Table 1 Geographic data of the populations collected of Prosopis laevigata.

Laboratory procedures

Genomic DNA was extracted using a modified CTAB protocol (Otero-Arnaiz et al. 2005). We amplified six polymorphic microsatellite loci (Mo05, Mo07, Mo08, Mo09, Mo13 and Mo016) originally designed for Prosopis chilensis (Molina) Stuntz and Prosopis flexuosa DC. (Mottura et al. 2005). The PCR reactions were carried out using Platinum Master Mix (Thermo Fisher Scientific). A final volume of 10 µL was used, including 5 µL of Platinum Master Mix, 0.5 µL of each primer (10 mM), 2.8 µL of distilled water, 0.2 µL of MgCl2 (2 mM) and 1 µL of DNA (20 ng/µL). The amplification program was carried out as follows: five min at 94 °C as initial step, followed by 35 cycles with a denaturalization step at 94 °C for 90 s, annealing at 49 °C (Mo09), and 59 °C (Mo05, Mo07, Mo08, Mo13 and Mo016) for 90 s, extension at 72 °C for 90 s and a final step at 72° for 10 min.

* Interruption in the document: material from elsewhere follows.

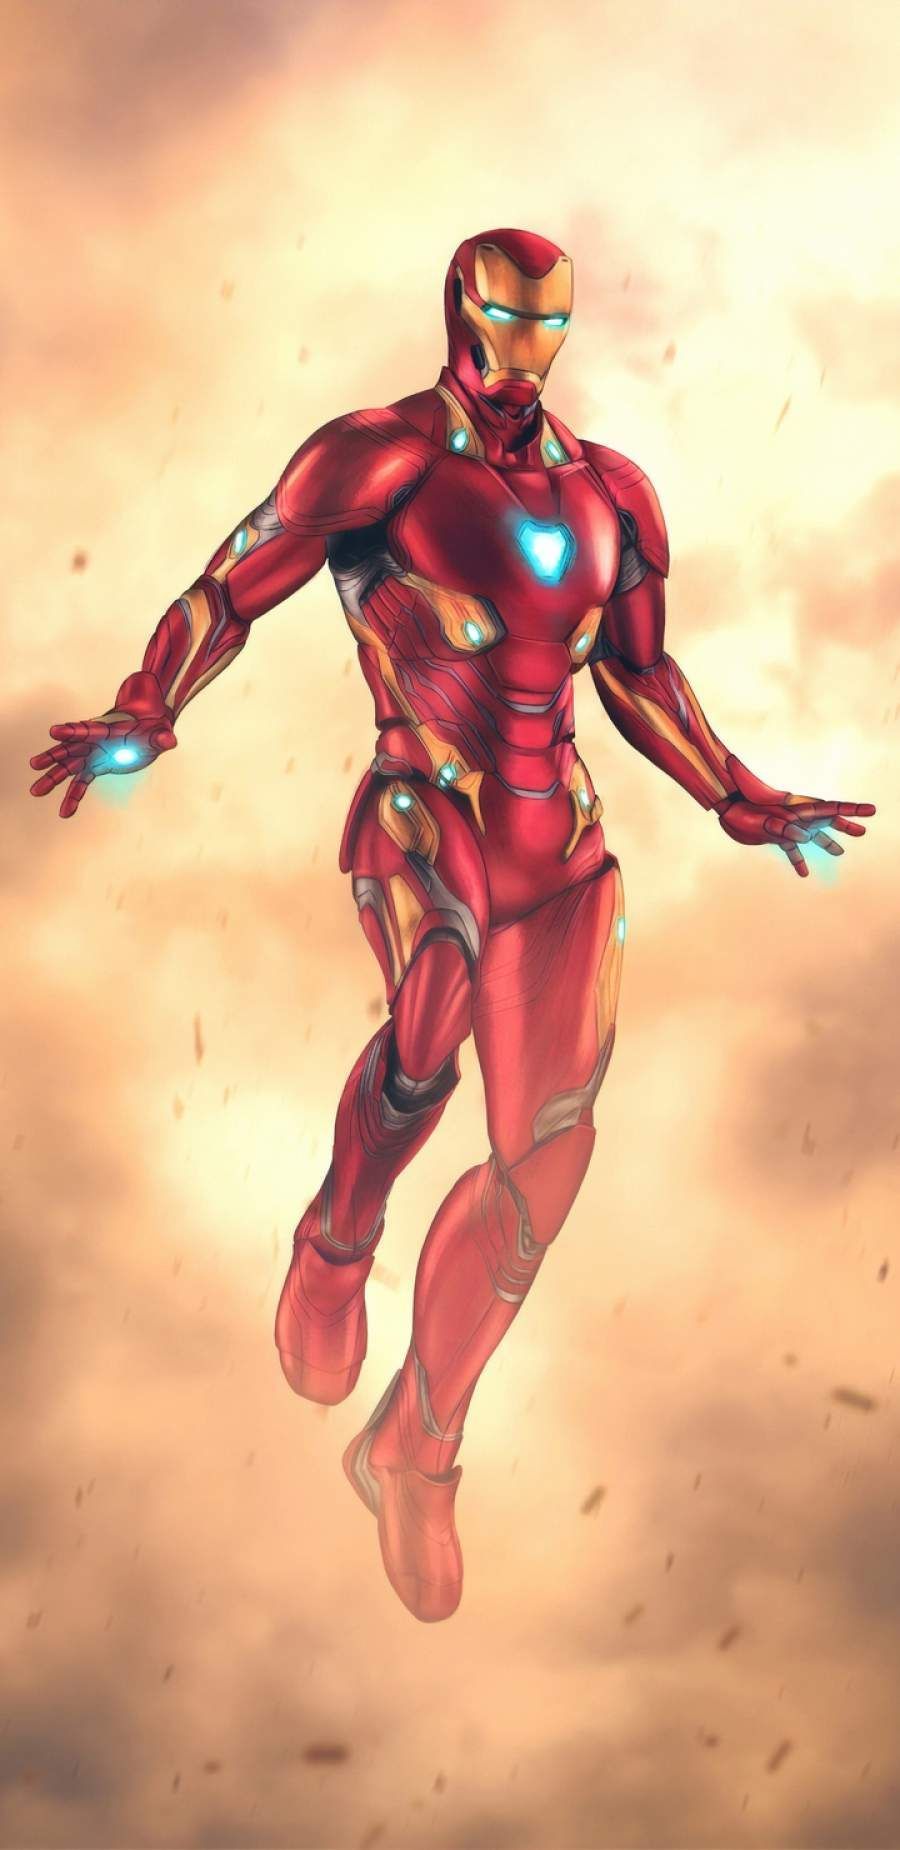 Iron Man 4k Art iPhone Wallpaper. Iron man art, Iron man

The forward primer of each pair was fluorescently labeled. The PCR products were mixed with formamide and Gen Scan Liz-600 as size standard (Applied Biosystems). The samples were denaturalized at 95 °C for two minutes and then analyzed using an ABI-PRISM 3100-Avant (Applied Biosystems) sequencer. The fragments obtained were sized and scored using the PeakScanner software (Applied Biosystems).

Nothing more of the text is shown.